We have already revoked respondent’s probation and reinstated his suspension on October 4, 2001, “pending entry of a final order by this court.” 93 Ohio St.3d 1438, 755 N.E.2d 901. Respondent is hereby suspended from the practice of law for one year with credit for time served. Respondent is further ordered to pay the costs of the original proceeding in the amount of $1,363.71 plus interest of ten percent from March 8, 1999 until paid. Respondent shall further pay the costs of these proceedings.



Judgment accordingly.



Moyer, C.J., Douglas, Resnick, F.E. Sweeney, Pfeifer, Cook and Lundberg Stratton, JJ., concur.



__________________



Julia A. Davis, Bradley N. Frick and Anthony M. Roseboro, for relator.

Christopher King, pro se.



__________________


[Cite as Columbus Bar Association v. King, 95 Ohio St.3d 93, 2002-Ohio-1945.]

COLUMBUS BAR ASSOCIATION v. KING.

[Cite as Columbus Bar Assn. v. King (2002), 95 Ohio St.3d 93.]

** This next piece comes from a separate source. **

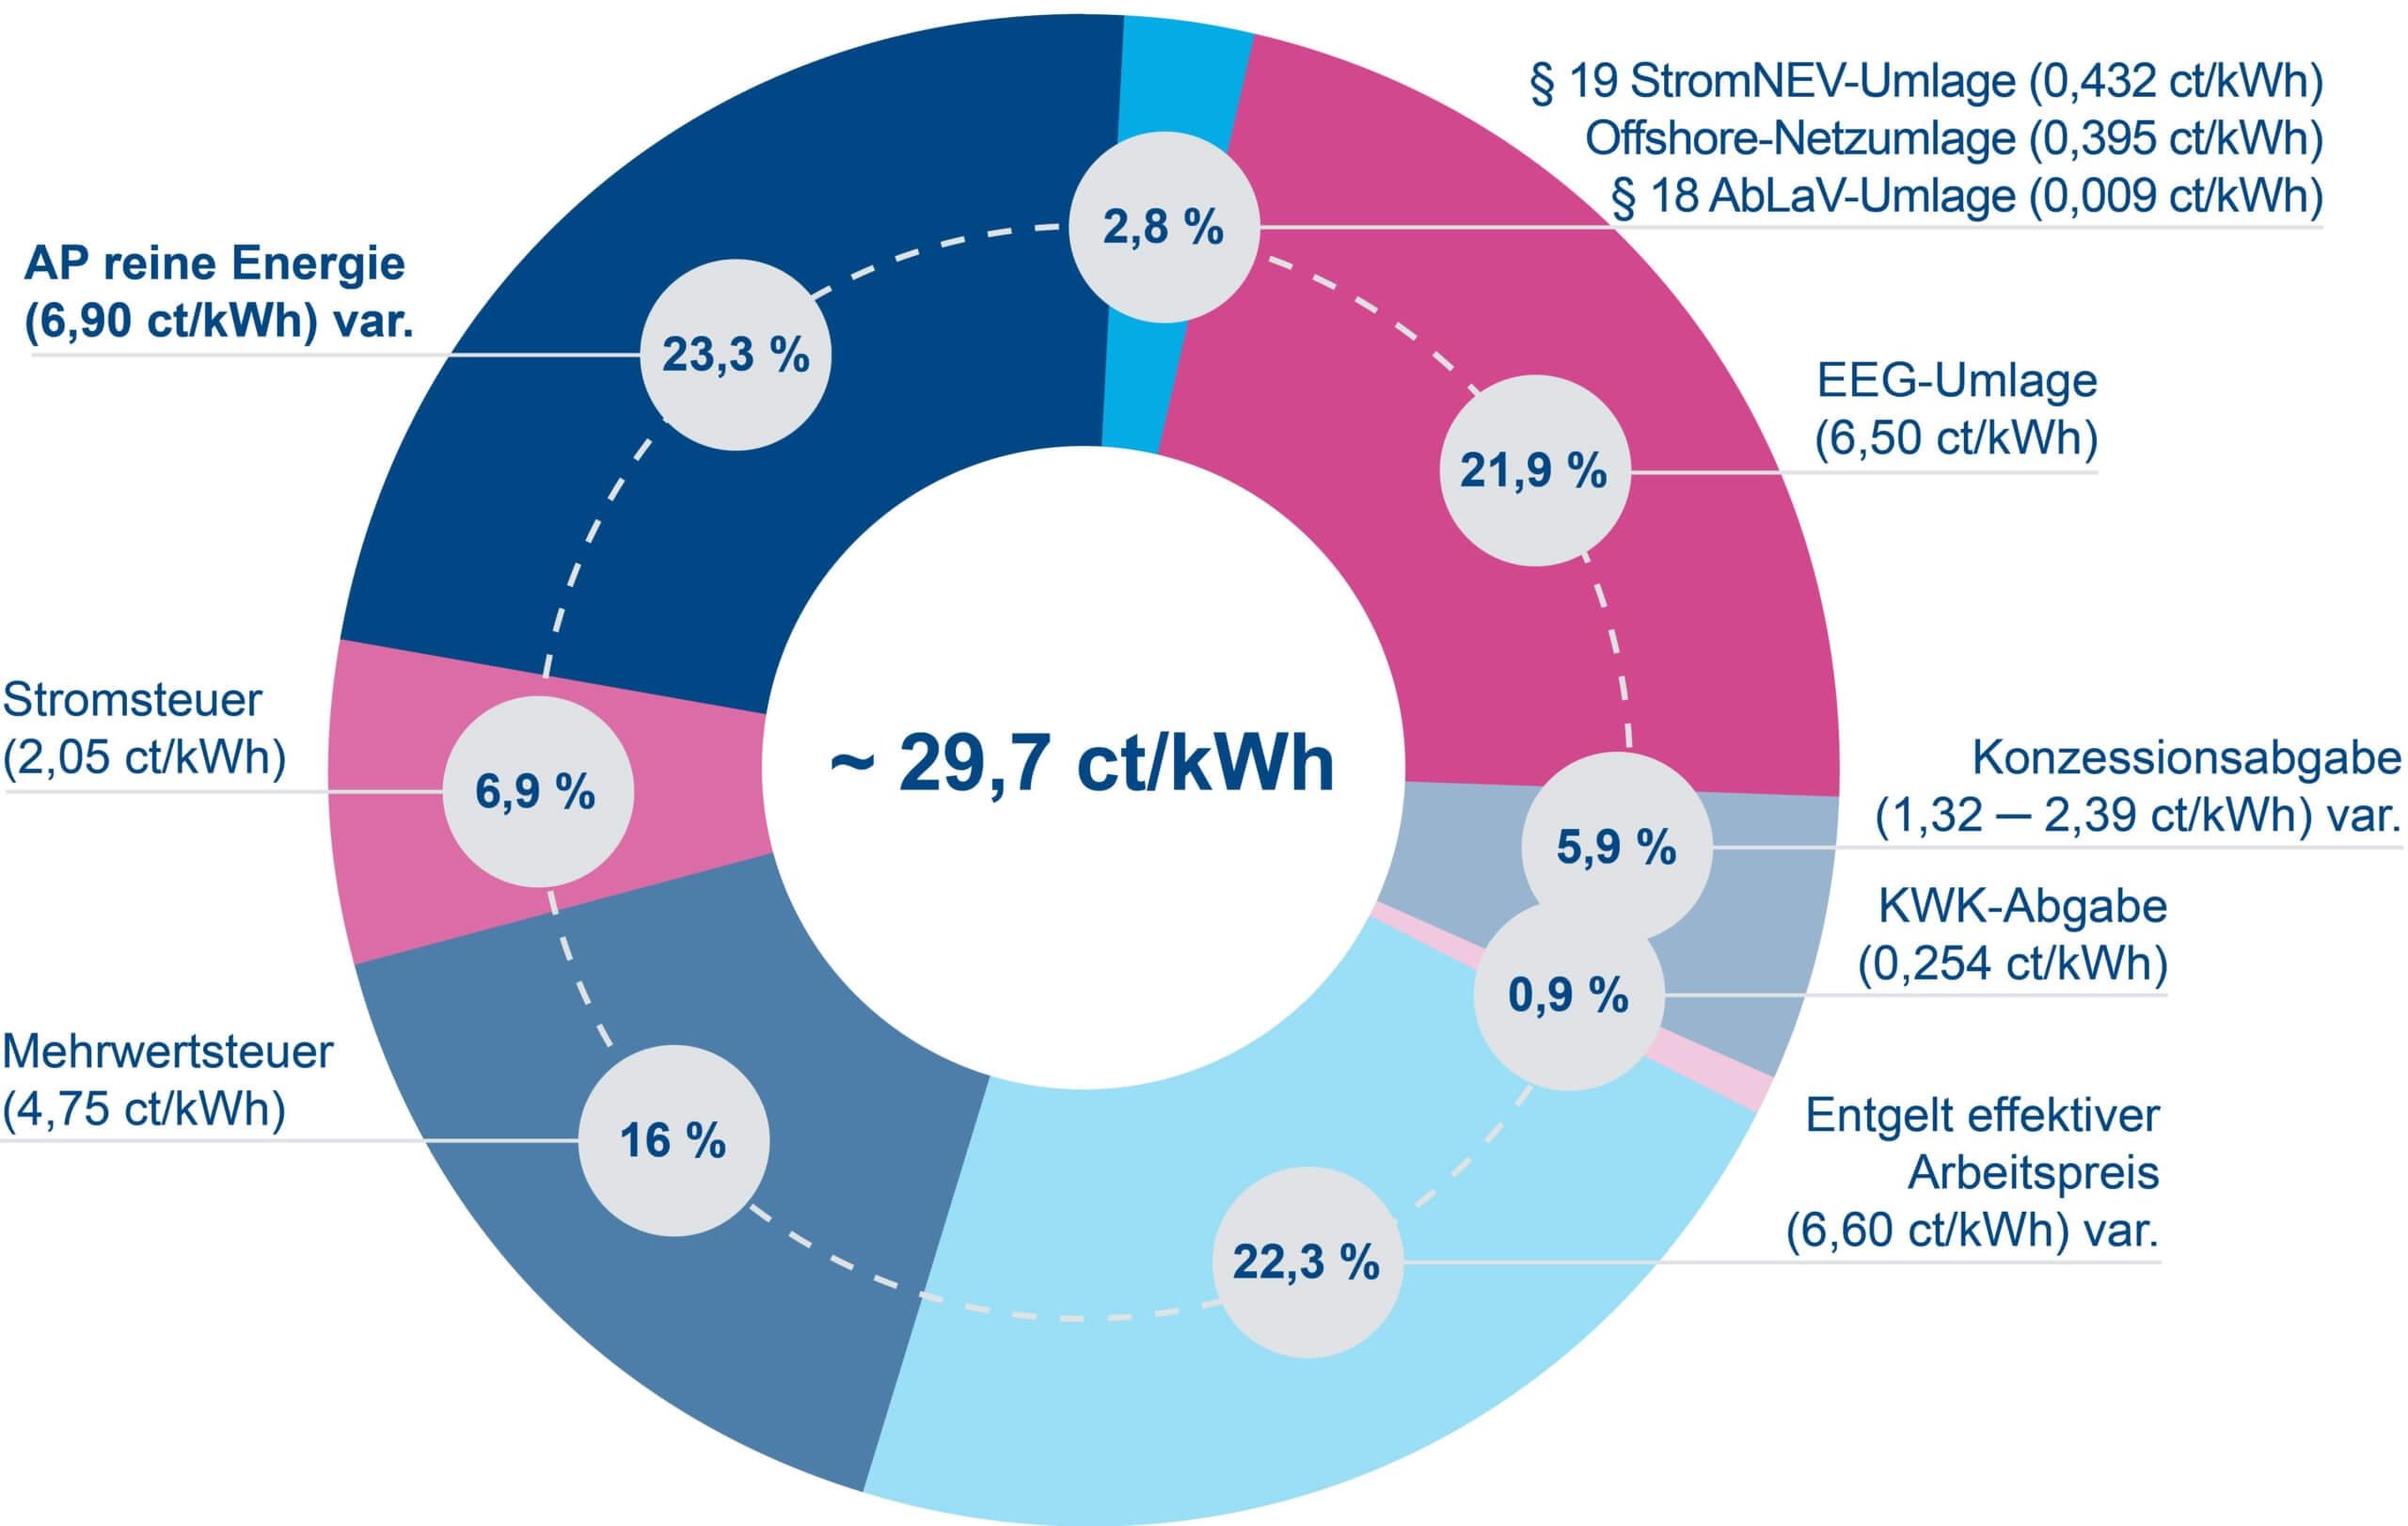 Diagramm Zusammensetzung Strompreis 2021

Attorneys at law — Misconduct — One-year suspension with credit for time

served — Failing to fulfill purpose of mentorship imposed at previous

disciplinary proceeding — Engaging in conduct indicating inability to

function as a professional lawyer in a courtroom or afford clients

adequate representation — Failure to pay costs imposed at previous

disciplinary proceeding.

(No. 98-423 — Submitted January 8, 2002 — Decided April 24, 2002.)

ON CERTIFIED REPORT by the Board of Commissioners on Grievances and

Discipline of the Supreme Court, No. 96-115.

__________________

Per Curiam. In December 1998, for conduct in January 1996, we

suspended Christopher King, now of Dallas, Texas, Attorney Registration No.

0062199, from the practice of law in Ohio for one year, but stayed the suspension

on the condition that during that year he be placed on probation and work with a

mentor appointed by the relator, Columbus Bar Association. Columbus Bar Assn.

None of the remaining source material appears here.